A great writer, a great man, and a great friend – Rex. Another great guest post. Enjoy!!
I am What I Am
I am the last person in America you can insult with impunity: I am white, Anglo-Saxon, protestant, male, straight, Southern, Democrat, second marriage with step kids, religious but not zealous, unrich, right-handed, smoker-drinker, hazel-eyed, graying hair, 30 pounds over “ideal” weight, meat-eating, non gun-toting, destroyer of the utopian future world we were all promised.
Don’t believe me? Watch any on-screen news or entertainment: I’m rude, crude, backward, burping, ignorant, and arrogant about it.
Don’t believe me? Rerun any of the Super Tuesday election news coverage and commentary pre, during, and post; commentaries included.
Conclusion: we can’t do anything right.
Well, new society dawning: make up your mind.
Not long ago I entered a downtown Chattanooga building and held the door’s momentum at bay for a lady behind me. Very curtly she said, “I can open my own door, thank you.” And I was dismissed.
Four doors down later on Market Street I did the same for a guy with a bunch of delivery boxes. “Thanks, man!”

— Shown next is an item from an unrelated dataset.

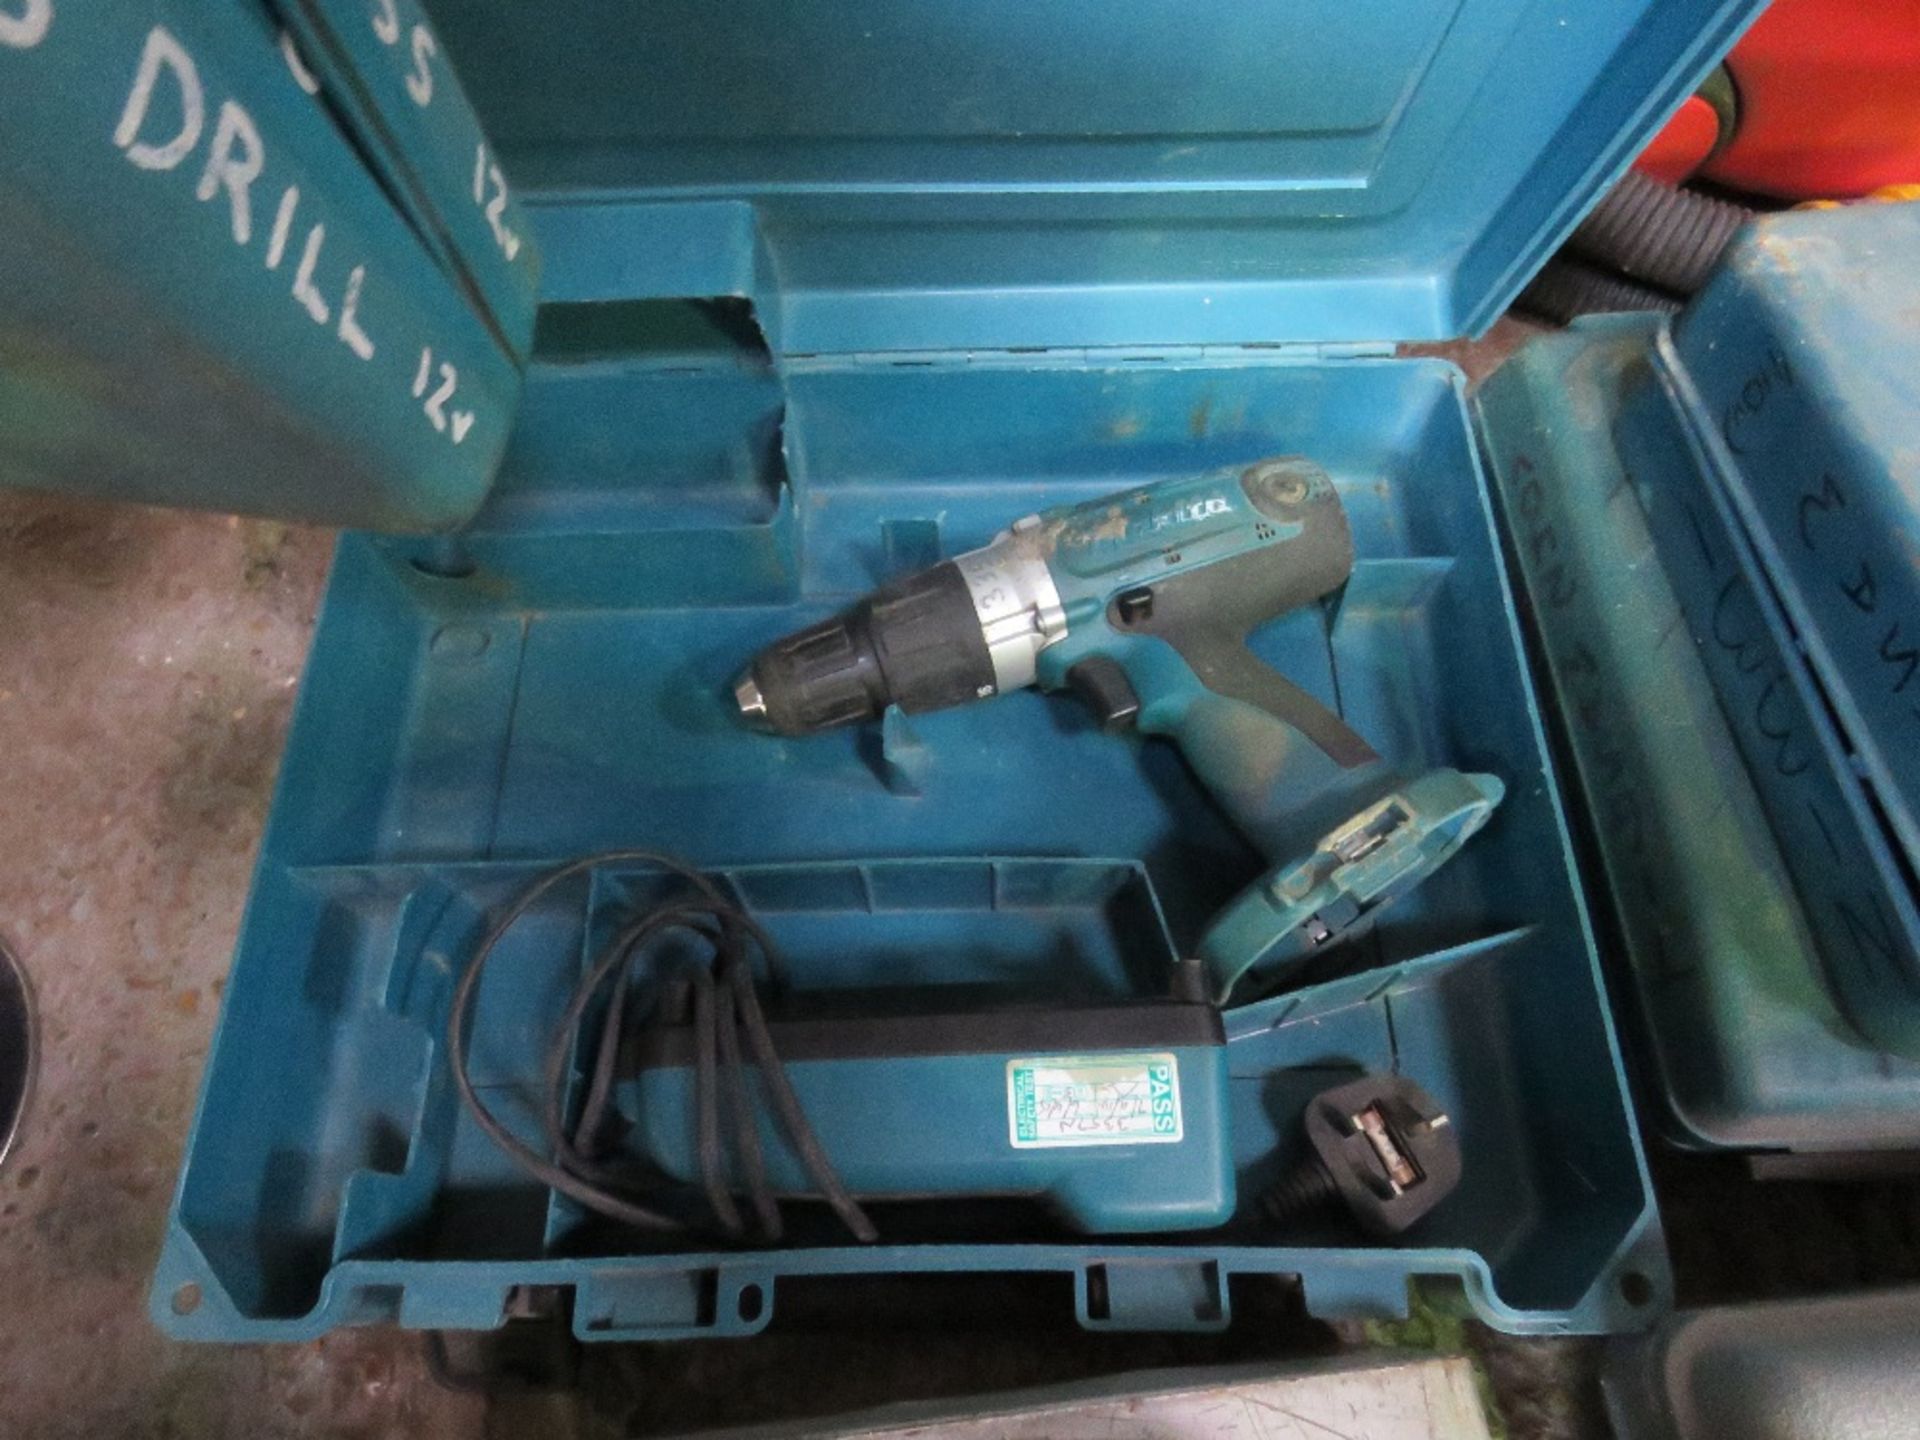 2X MAKITA BATTERY DRILLS SOURCED FROM DEPOT CLEARANCE. - Image 2 of 2

Given his youth, uniform and physique I’m he was quite capable of backing through the door, or for that matter removing it, by himself.
Didn’t matter I did both for the same reason: I had the power to let the door’s momentum smack ‘em both. How self-absorbed would I have been if I had done so? Not cool.
A few years later I was in a pizza place watching a Braves game on a Saturday afternoon; just one other guy, the bartender, a 35-ish lady at the other end of the bar, and me.
Her, “Anyone know what time it is?
Me, “It’s 4:15.”
Her, “Thank you, and no, it doesn’t mean you can buy me a drink.”
Okay, I was in a foul mood; my girlfriend’s mother was visiting I was avoiding.
Me, “Ma’m, I can get three like you for a week’s paycheck on Governor’s Drive.”
She huffed out but the bartender bought my next beer.
Has it come to the point where we think everyone is out exclusively for their own gratification? That courtesy is just an iceberg tip on a hidden agenda? That no one has a right to be angry with you but you have a right to judge never having set one step in another’s shoes? That you don’t need to know their story because yours is all-encompassing?
Retool. Gentlemen, we need to grow more backbone and less false bravado and oh-poor-me lifestyles. Oh, and learn when to bow out gracefully and know when to run.
Belligerence is not strength and acceptance is not weakness.
Female persons: make up your mind, willya?! You see fluid dynamics guys deal in absolutes. You want us sensitive then swoon over the lumberjack. You want us manly but we risk you seeing us as coarse.
For my 1,632 square inches of the world here’s the deal: I drive a car which is two years from getting a “classic” tag (the AARP card of autos), I let God wash it if He wants to (rain). It gets me point A to point B. This is my home/apartment; I live here. I do not press my underwear, hell, I don’t wash them until I run out. Alicia can wash ‘em if she wants to if not, fine, too. I usually don’t do dishes until I am nearly out or cranking up to cook something elaborate. Now I have a dishwasher; a better place to store the dirties.
I do not get ballet but recognize its place in art and culture and love the symphony. I love my music souvenirs, from the rock that held the door open for decades at Muscle Shoals Sound, to Mickey Buckins’ drumsticks, to the rubber band the Spinners gave me, to my autographed playbills and drumheads, to my “Casablanca” poster. Alicia gave me one whole room just for that stuff.
I don’t stay coiffed or in late fashion or design: jeans (from JCP or Walmart), T-shirt (right now mine says, “Huntsville est. 1805”), and open Hawaiian shirts. I keep facial hair because Alicia likes it and so do I (even though it’s harder to shave now than with no beard). I am untattooed and unpierced but my scars speak for me.”The look”, fashion, and pop psychology, like ear candles, come and go. Real is forever and easily maintained. Just because your feathers are ruffled don’t make you Christ-on-the-Cross.
Enough. I am what I am. Sometimes a cigar is just a cigar.
So come down off your cross, leave it in the “might access later” file, resurrect, and go have a little fun.
In the meantime stop building crosses; you’re runnin’ out of people to help carry them.